Nahrain’s research interests include addressing nationalism and ethnic conflict through institutional design. She researches political solutions to ethnic conflict at local levels of society by using the case of Kurdish Regional Autonomy in Iraq. To date, she’s completed fieldwork in northern Iraq where she interviewed civilians, political activists, and politicians from ethnic minority communities within the Kurdistan Region of Iraq. Her research has been funded by the Russell J. and Dorothy S. Bilinski Educational Foundation, the Rothchild Memorial Graduate Research Award, the Institute of Social Science, and the Suad Joseph Graduate Student Research Award on Middle East and/or South Asia Studies. Nahrain graduated with an MA in global politics from Loyola University Chicago and a BA in political science from the University of Illinois Chicago.
Daniel R. Thomas (USIP Peace Scholar Fellow)
Ph.D. Candidate | Columbia University, Department of Political Science
“Conflict and Social Integration: How do Violence and Status Shape Social Behavior?”
Daniel Thomas’ dissertation studies the social integration of internally displaced people (IDPs) into new settings following conflict and mass displacement. Globally, millions of civilians bear the brunt of conflict by being displaced from their homes. Moreover, many experience violence personally, while also losing access to their assets and systems of support. However, we know little about how these factors reshape local social networks and communities outside the direct scope of the violence. To examine this, Thomas employs a multi-method research design in areas of active conflict in Myanmar and Ukraine, focusing on the effects of personal experiences of violence and socioeconomic status on social integration. The project develops a theory of social integration after displacement and tests it empirically using original surveys, social network analysis, causal inference strategies and qualitative interviews. The research contributes to the understanding of social cohesion among IDPs and host communities and post-conflict recovery.
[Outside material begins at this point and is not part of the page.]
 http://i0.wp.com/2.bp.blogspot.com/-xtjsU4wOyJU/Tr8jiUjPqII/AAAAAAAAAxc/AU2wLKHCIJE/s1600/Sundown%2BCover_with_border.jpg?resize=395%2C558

Daniel R. Thomas is a Ph.D. candidate in political science at Columbia University. His dissertation, titled “Conflict and social integration: How do violence and status shape social behavior?” explores the ability of internally displaced people to successfully socially integrate into new settings during conflict. The research for this project takes place in Myanmar and Ukraine, using original surveys, social network analysis, causal inference strategies and qualitative interviews.
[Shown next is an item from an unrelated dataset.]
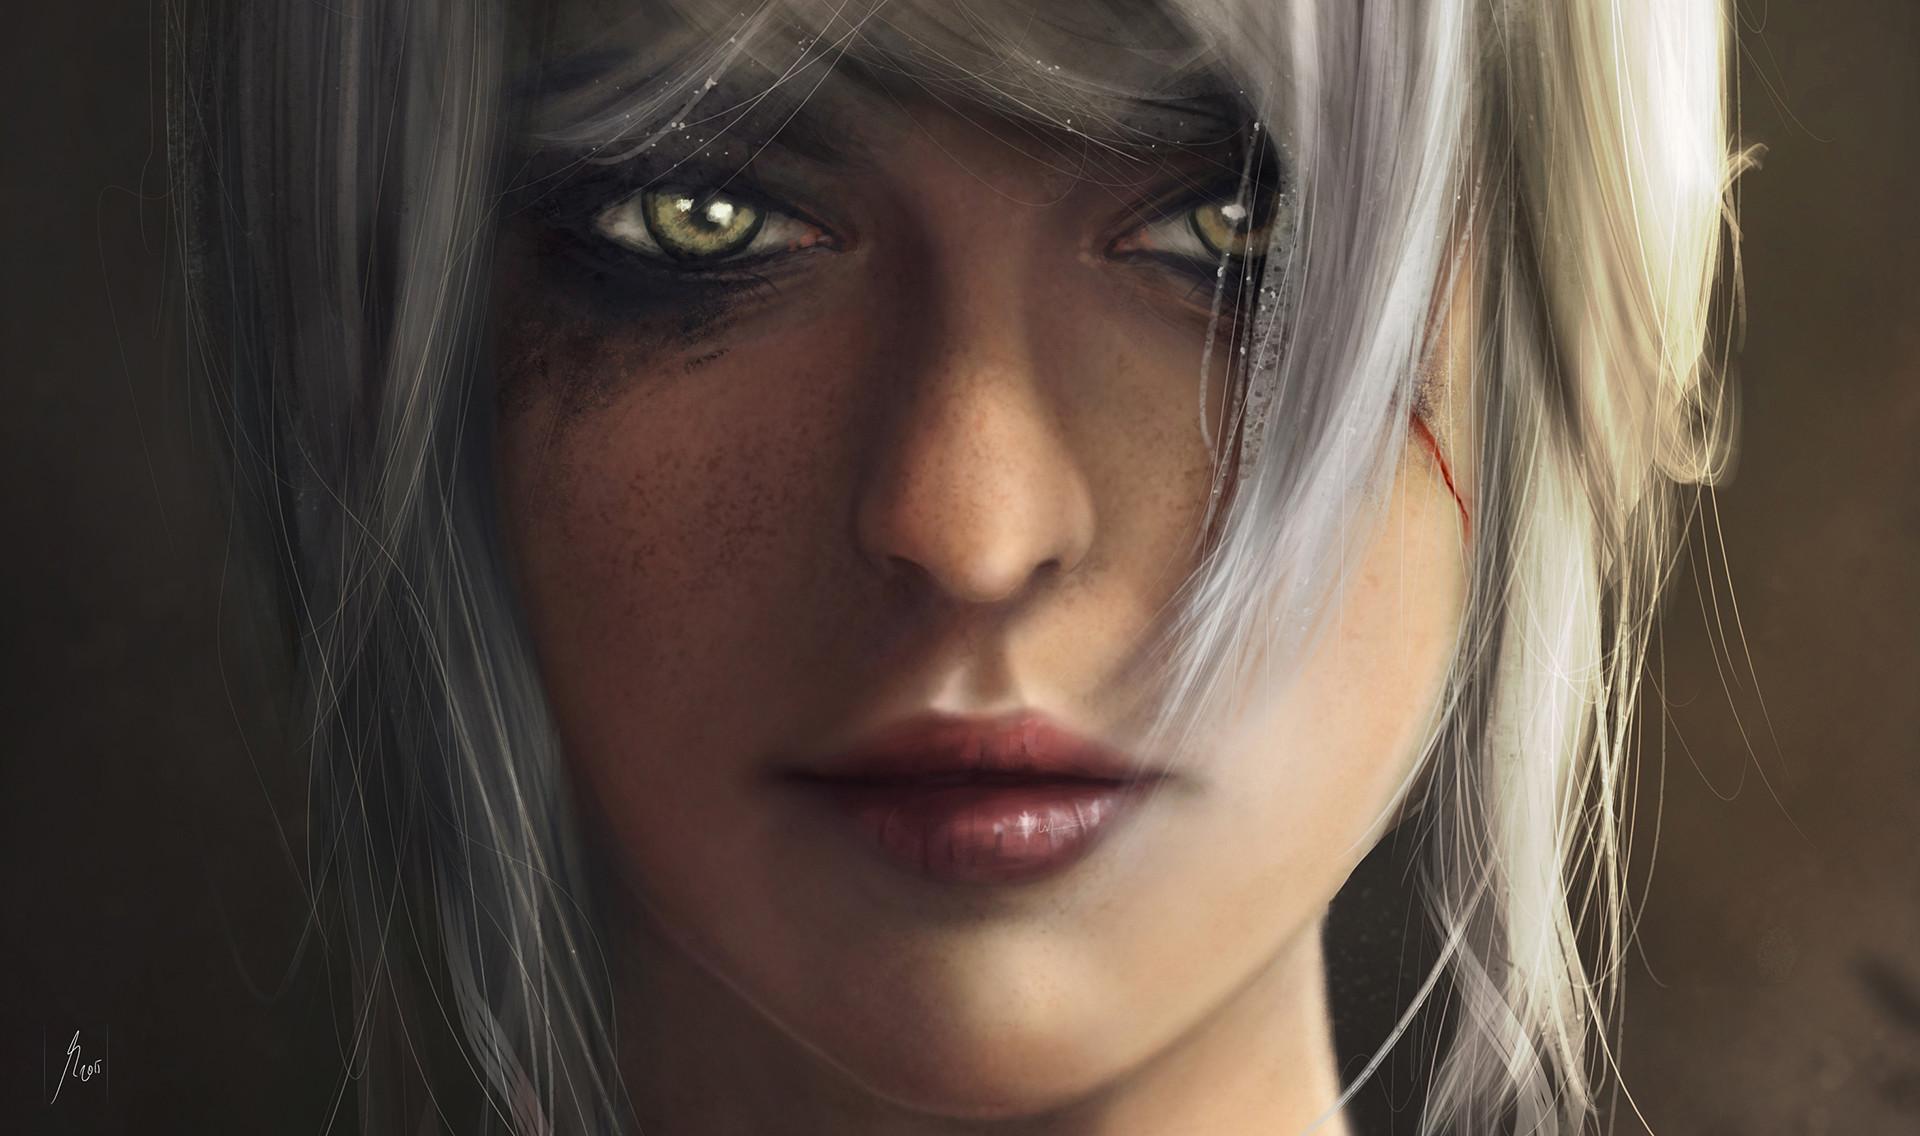 Reha sakar ciri closeup 1080

His research was supported by several organizations, including the International Growth Centre, Innovations for Poverty Action, the Ryoichi Sasakawa Young Leaders Fellowship Fund, and several institutions at Columbia University. He has also been a visiting researcher at the Higher School of Economics in the summer of 2017 and a PhD intern at Facebook Core Data Science in the summer of 2020. He contributed to projects on rural electrification in India with co-authors from the Initiative for Sustainable Energy Policy at Johns Hopkins SAIS, where he is a student fellow. Before beginning his PhD, he graduated from the University of Wisconsin, Madison, with a BA in Political Science.